On March 15, 2017, New Mexico's Senate passed H.B. 15, which would create the state's first data breach notification law. New Mexico is currently one of only three states (including Alabama and South Dakota) without a data breach notification law. The bill passed New Mexico's House in February and will now be sent to the governor to sign into law.

If signed, the bill would require companies that own or license data containing the personal identifying information ("PII") of New Mexico residents to notify those residents whose PII the company reasonably believes was subject to a security breach within 45 calendar days of discovering the breach. The company also would have to notify the New Mexico attorney general and consumer reporting agencies within 45 calendar days if more than 1,000 residents are affected in a single security breach. The bill would not require notification if there is no significant risk of identity theft or fraud.
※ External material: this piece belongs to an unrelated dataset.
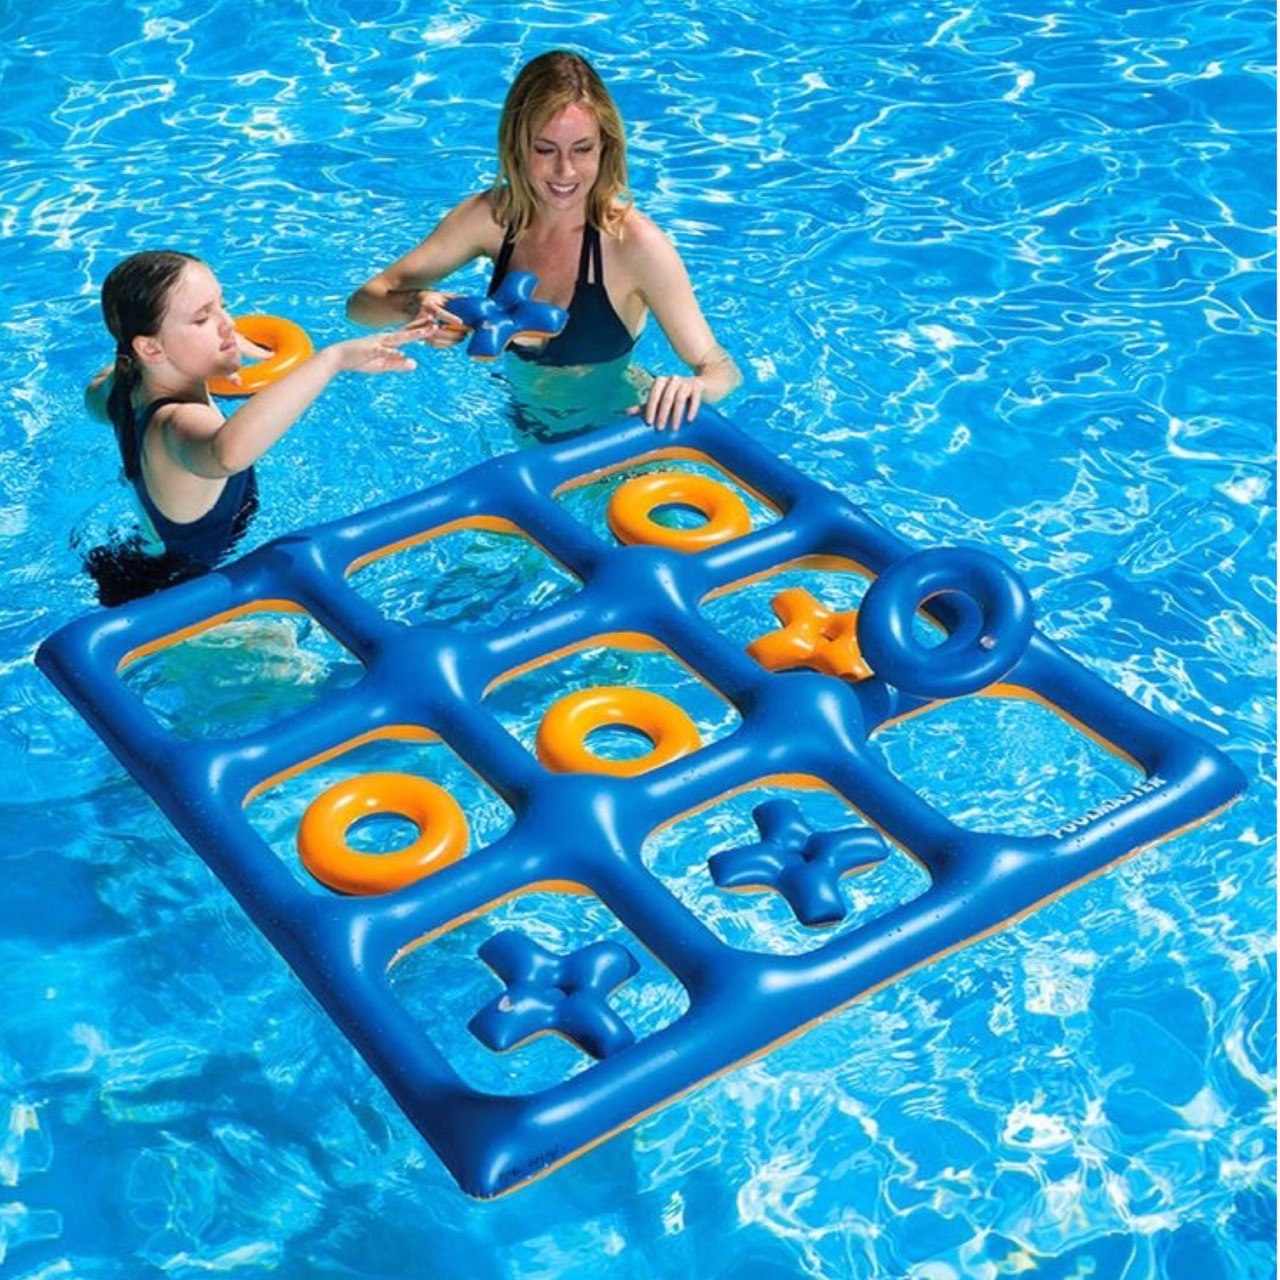 Поиграть в воде. Игрушки для бассейна. Инвентарь для купания. Инвентарь для плавания в бассейне. Игры в бассейне для детей.

Consistent with a growing number of states that now include biometric data within state law definitions of PII, the bill defines PII as unencrypted data containing the individual's name in combination with a social security number, driver's license number, government-issued identification number, account number, credit or debit card number, or biometric data.
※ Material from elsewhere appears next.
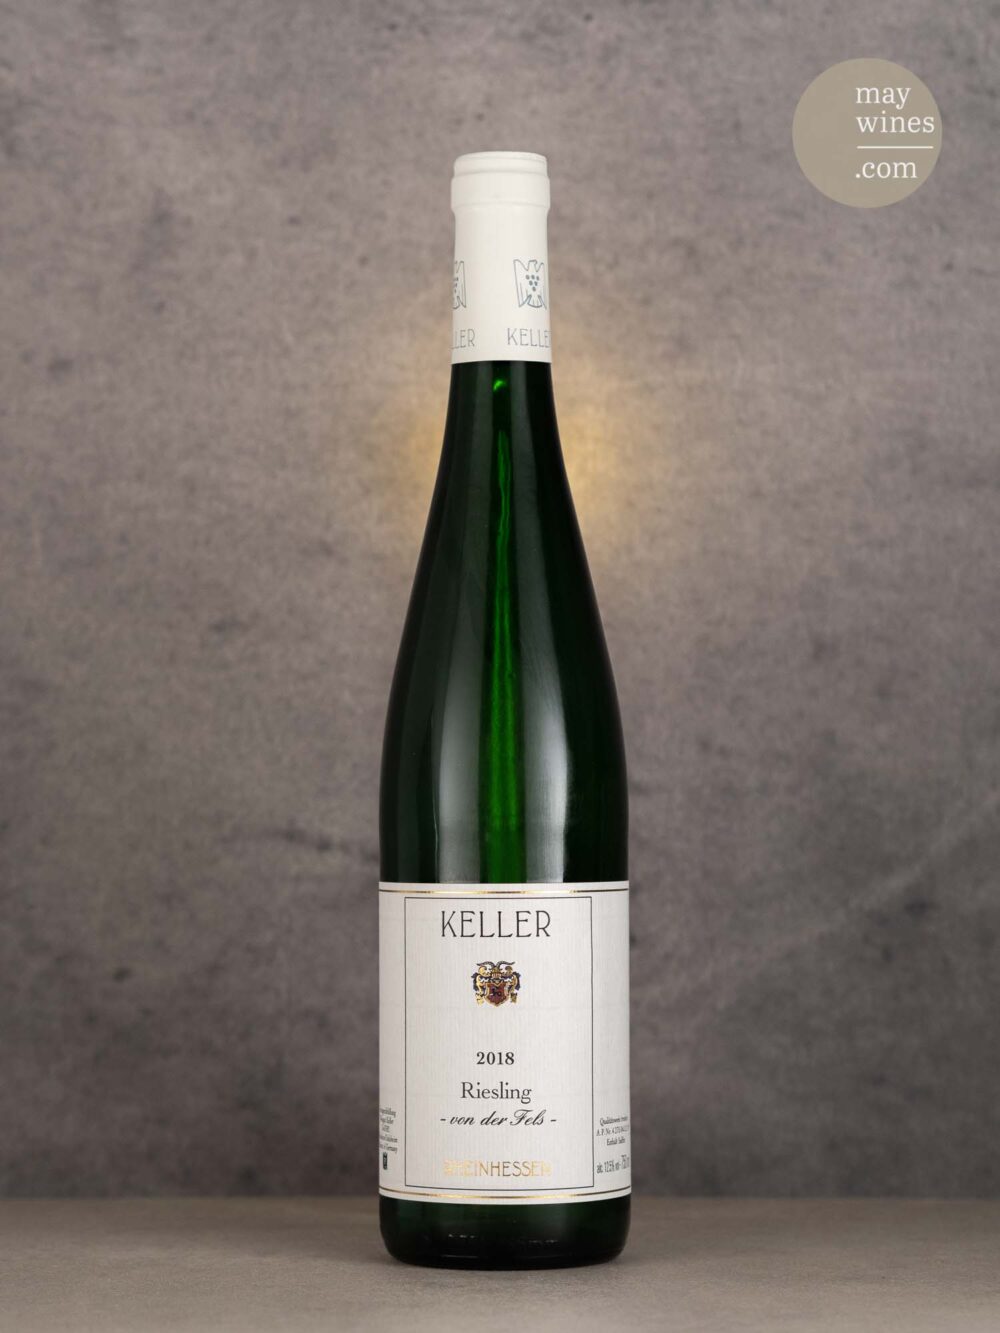 May Wines – Weißwein – 2018 Riesling "von der Fels" - Keller

The bill would require companies generally to maintain reasonable security procedures and practices for storing and properly disposing of PII. As such, the bill brings New Mexico in line with those states that have legislated both general data protection obligations as well as a breach notification obligation.

The bill would permit the New Mexico attorney general to impose civil penalties for knowing or reckless violations of the law in an amount of the greater of $25,000, or $10 per instance of failed notification up to $150,000.

Despite legislative efforts, there is no single federal breach notification law. Companies are subject to the laws of 47—and now potentially 48—states, and D.C., Guam, Puerto Rico, and the Virgin Islands. Expanding definitions of PII, encryption safe harbor modifications, and other developing issues across existing state data protection and breach notification laws bear careful scrutiny.